70-03.JPG (22729 bytes)

The largest and most imposing of the Judd line of mechanical banks is our choice as No. 179 in the numerical classification. This is known as the Mosque Bank, which name is reasonably descriptive of this finely detailed sizeable building type mechanical bank. As a matter of fact, the Mosque is one of the largest in the building group. We have mentioned in previous articles that the Judd line of mechanicals is unusual as compared to those of other companies. Unusual, too, is the size of this bank as compared to the general line produced by Judd. All of their banks are quite small with the exception of the Mosque — a bank with a rather impressive appearance.

The H. L. Judd Company apparently did not do much in the way of patenting their mechanicals. Like most of their banks, no patent papers have been discovered to date that would apply to the Mosque. Again, however, an old Judd catalog is helpful in placing the date of the bank in the 1880’s. With respect to the Judd Company and information concerning same, please see HOBBIES articles for April, 1963, and March, 1966.

The bank shown, Figure 1, is in excellent original condition. Found in New England the bank has been in the writer’s collection for years. Like all Judd banks with their several colors of lacquer type finish, the Mosque is an overall brownish color. All the fine lines of the extraordinary casting detail on the building, including the dome, are done in gold. The figure inside the dome and on top of the dome are finished in the brown lacquer only, and this completes the decoration of the bank.

The operation is effective but simple. The figure inside the dome holding a tray over its head is positioned to the front of the bank (see photo) by means of a crank on the side of the building. A coin is placed on the tray and the crank when turned clockwise causes the figure to move counter-clockwise inside the dome. The figure encounters a section which causes the coin to slide off the tray into a trough dropping inside the building.

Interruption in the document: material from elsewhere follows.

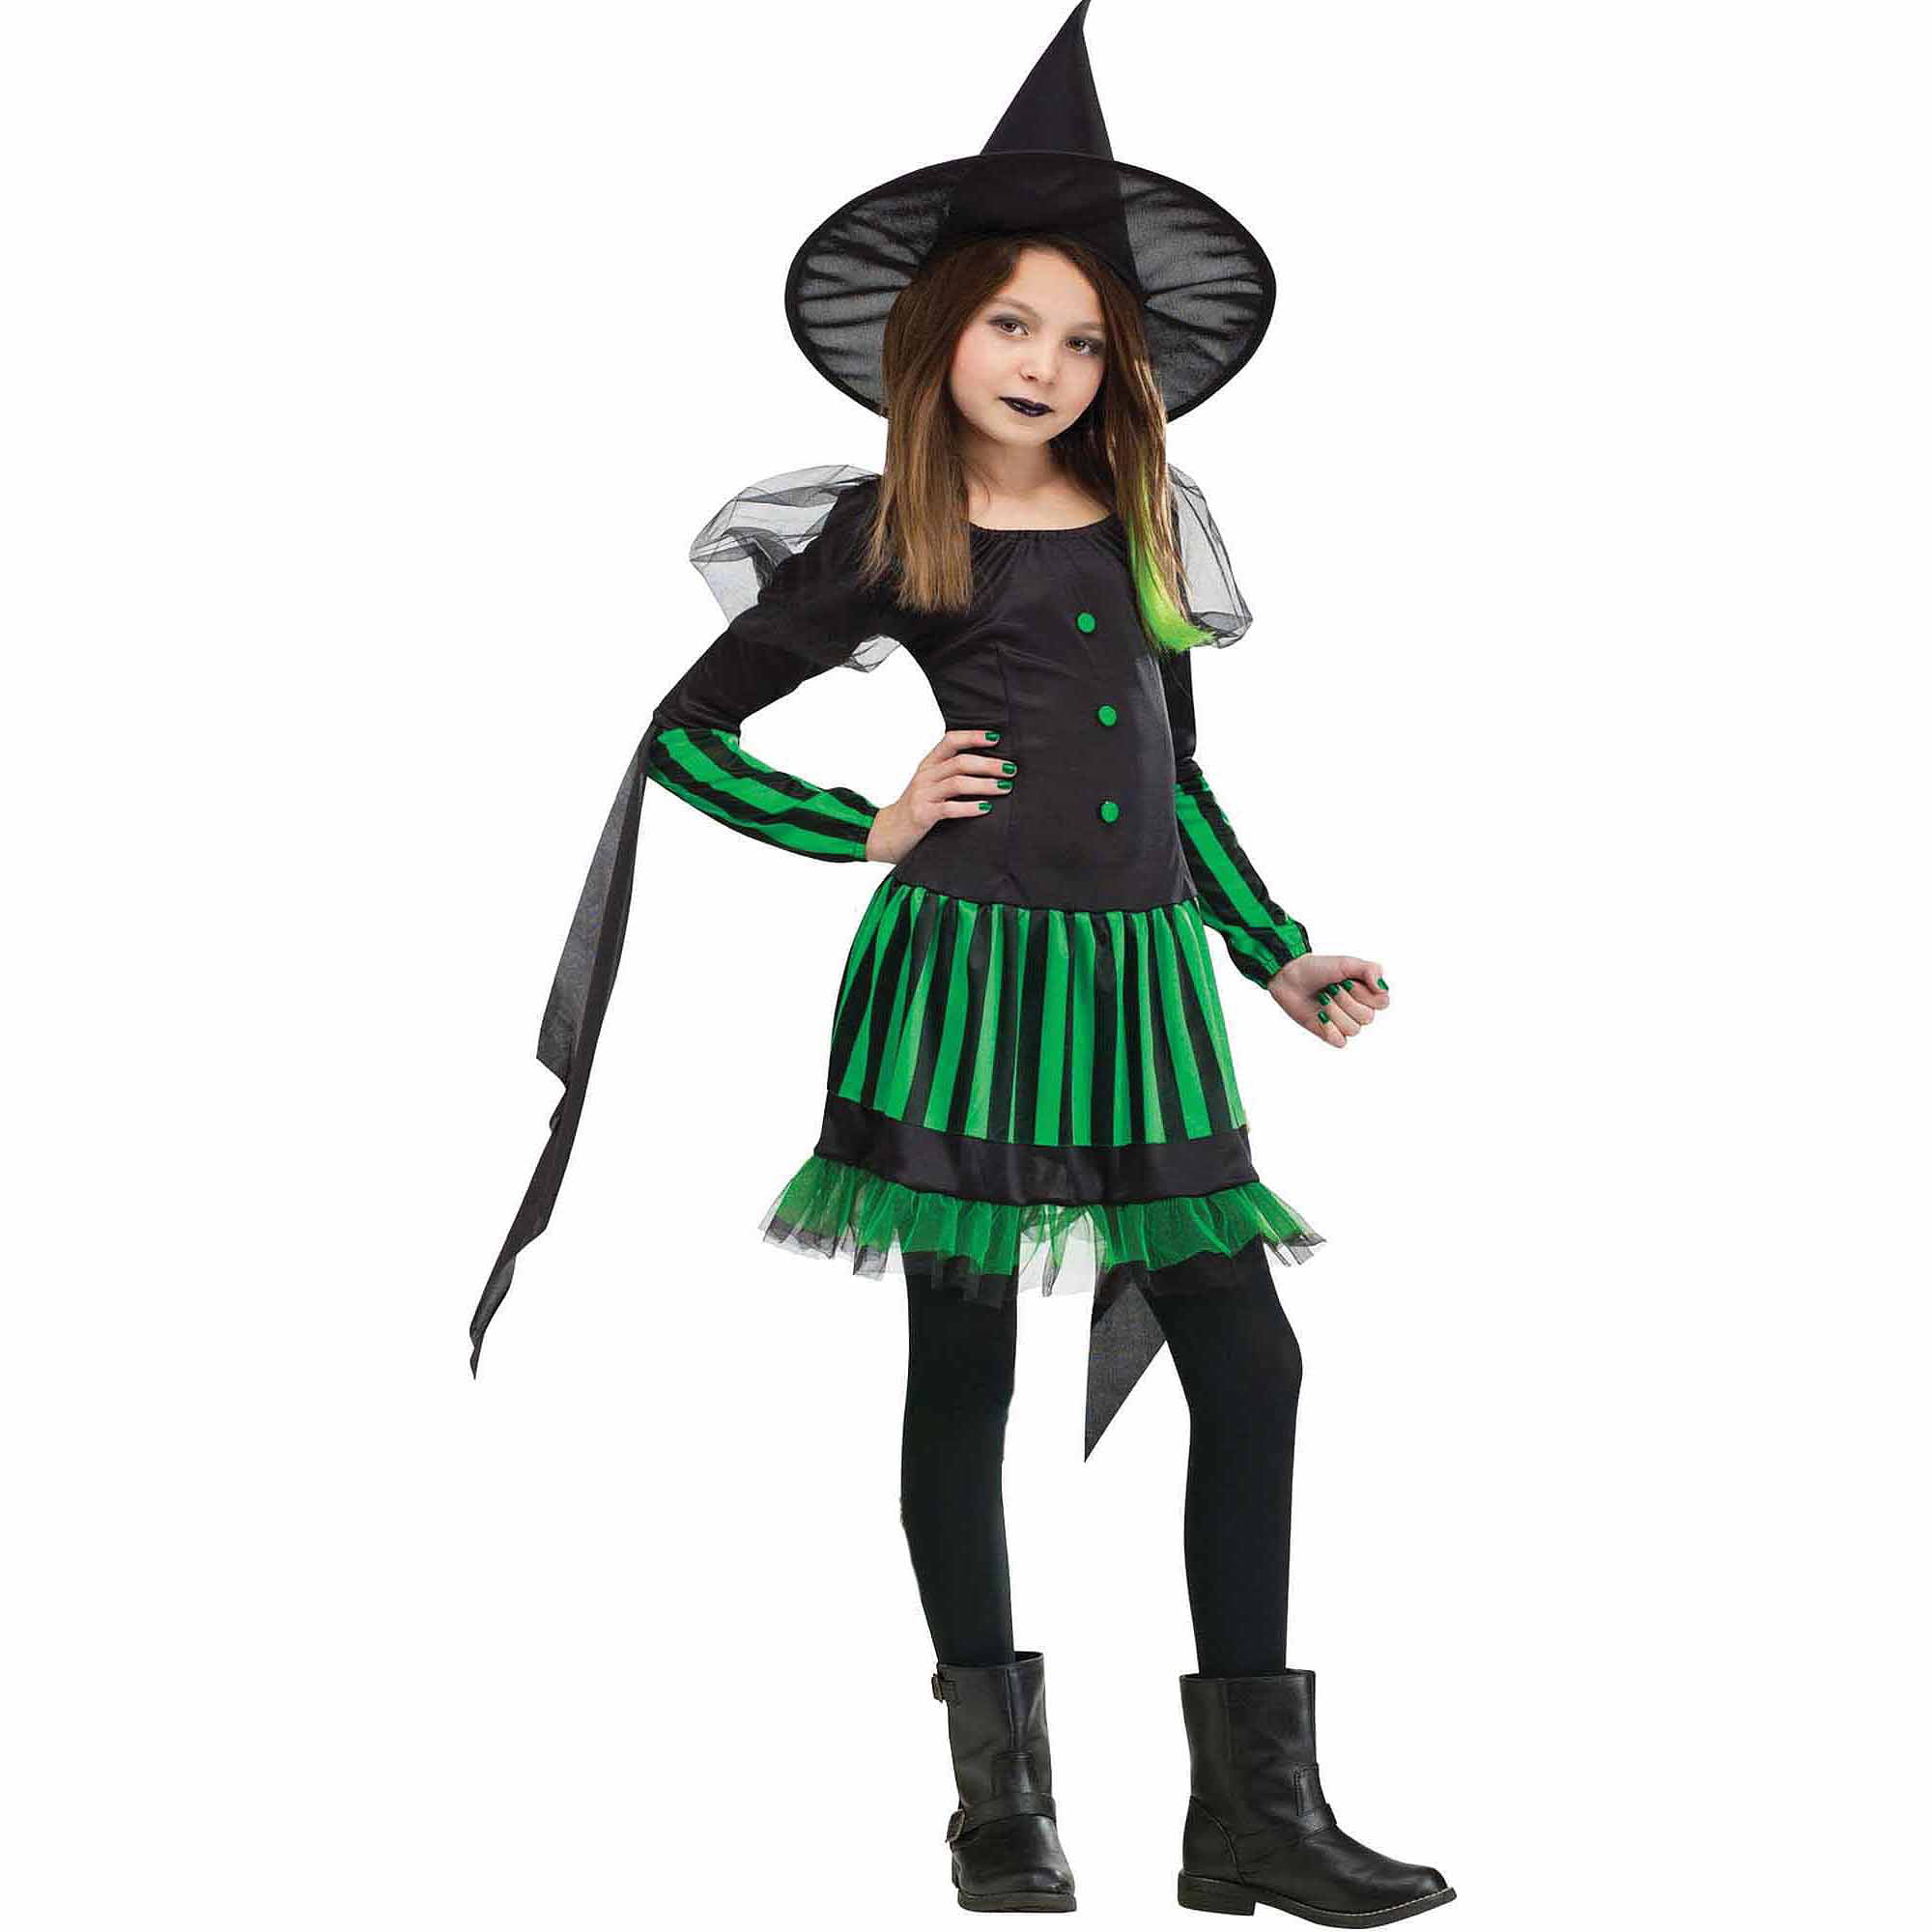 Ombre Wicked Witch Tights Girls Halloween Fancy Dress Childrens Kids Costume

It would be interesting to know what the designers of the Mosque Bank had in mind with respect to subject matter. The figure inside the dome is somewhat grotesque and it’s difficult to tell just what animal it represents. More than anything else, it would seem to represent a bear — it could be a monkey or a gorilla, however. The figure of the woman on top of the dome holds a wreath in her left hand, possibly representing peace or an award. In any event, it’s a rather interesting bank with excellent casting detail and unique appearance.

* * *

The often heard term of "Piggy Bank" can seldom be used with reference to mechanical banks. As we reach No. 180 in the numerical classification we have chosen a bank that could possibly be referred to as such — the Pig In High Chair. Curiously enough very few pigs are represented in the old mechanicals. Transversely, in the modern category of mechanicals, there are a number of pig types, including the satiric World War II Hitler Squealing Pig.

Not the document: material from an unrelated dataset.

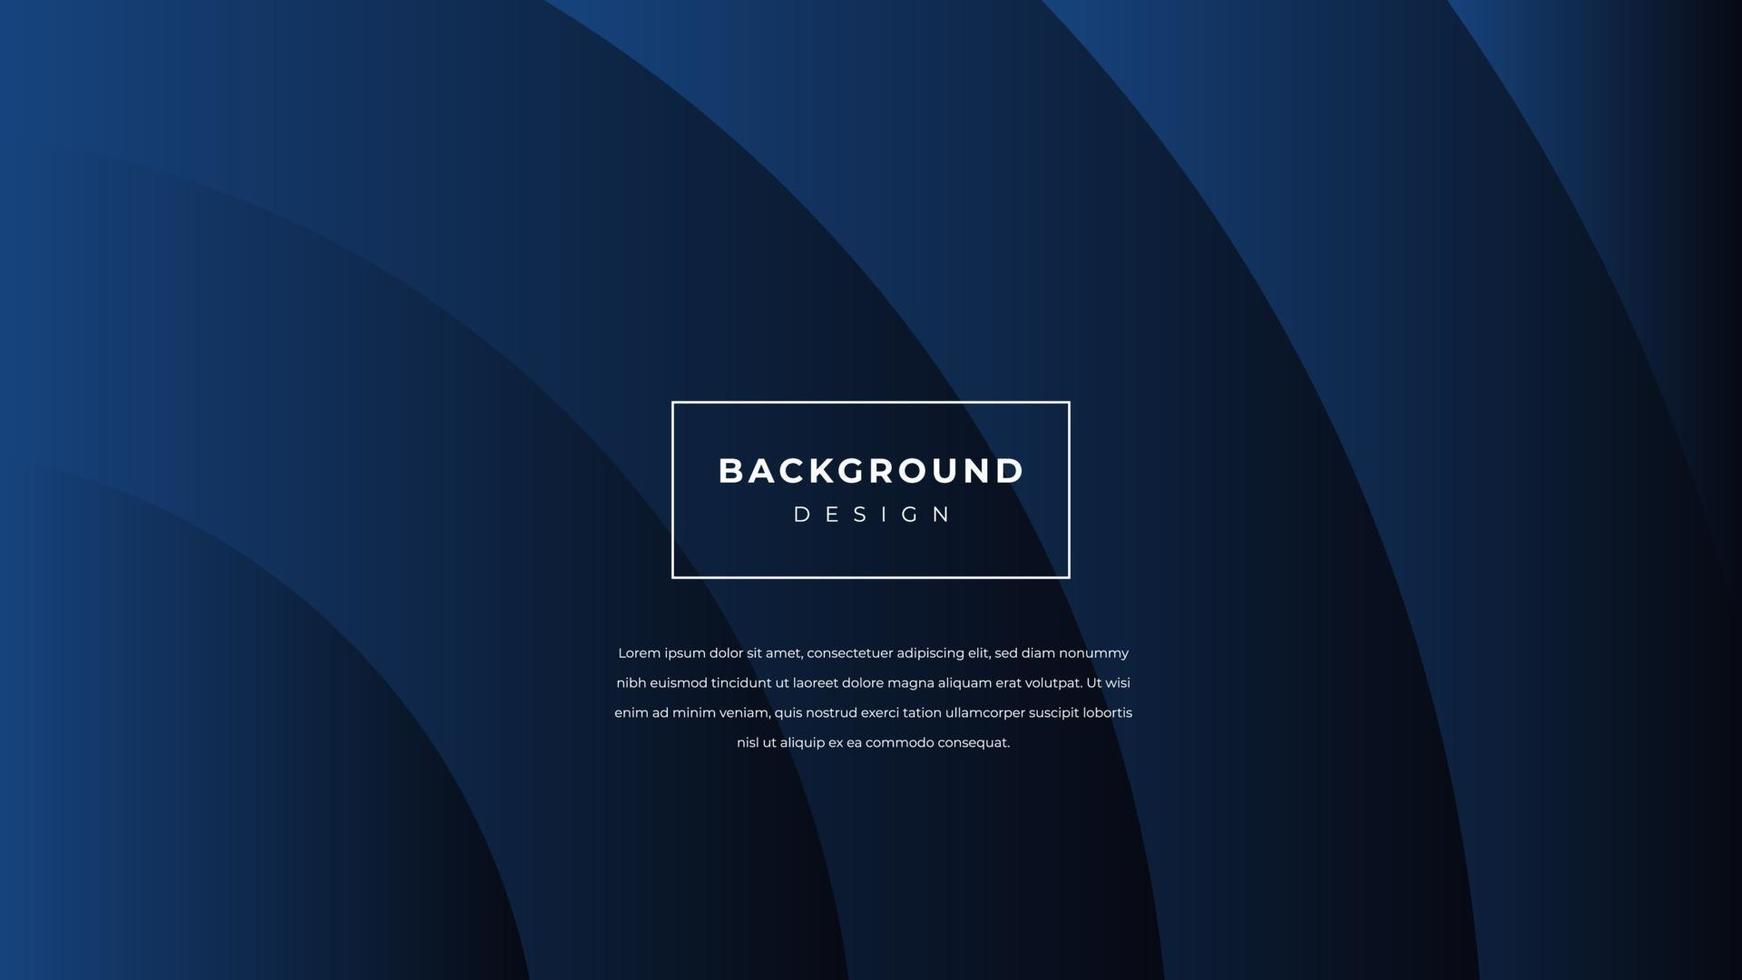 abstract background blue phantom. Trendy wave shapes composition. Vector illustration eps10.

The most desirable and outstanding of the mechanical banks to utilize a pig is the rare Bismark Bank (HOBBIES, March, 1956) and then, of course, the popular Paddy And The Pig (HOBBIES, April, 1965). Now we come to a baby pig feeding in a high chair.

The Pig In High Chair was patented August 24, 1897, by Peter Adams of Buffalo, NY., assignor of one-half to Walter Shepard, also of Buffalo. This, of course, would normally have direct connections to the Shepard Hardware Company as being the manufacturer. However, the bank was actually made by the J. & E. Stevens Company of Cromwell, Conn., and pictured in various of their catalogs of the period.

The Pig In High Chair, Figure 2, is in practically mint condition. It is an overall nickel plate finish and this is the only way this bank was made — never painted in colors.

To operate the bank a coin is placed on the tray and a lever in the back of the high chair is pressed down. This causes the tray to lift up and the coin slides therefrom on into the open mouth of the pig. As this action takes place the tongue of the pig also moves upward allowing the coin to drop inside.

The Pig In High Chair leaves some collectors rather ‘cold.’ They do not particularly like it, but must have one in their collection. Actually it’s sort of a "cute" type bank, very well made, and somewhat attractive.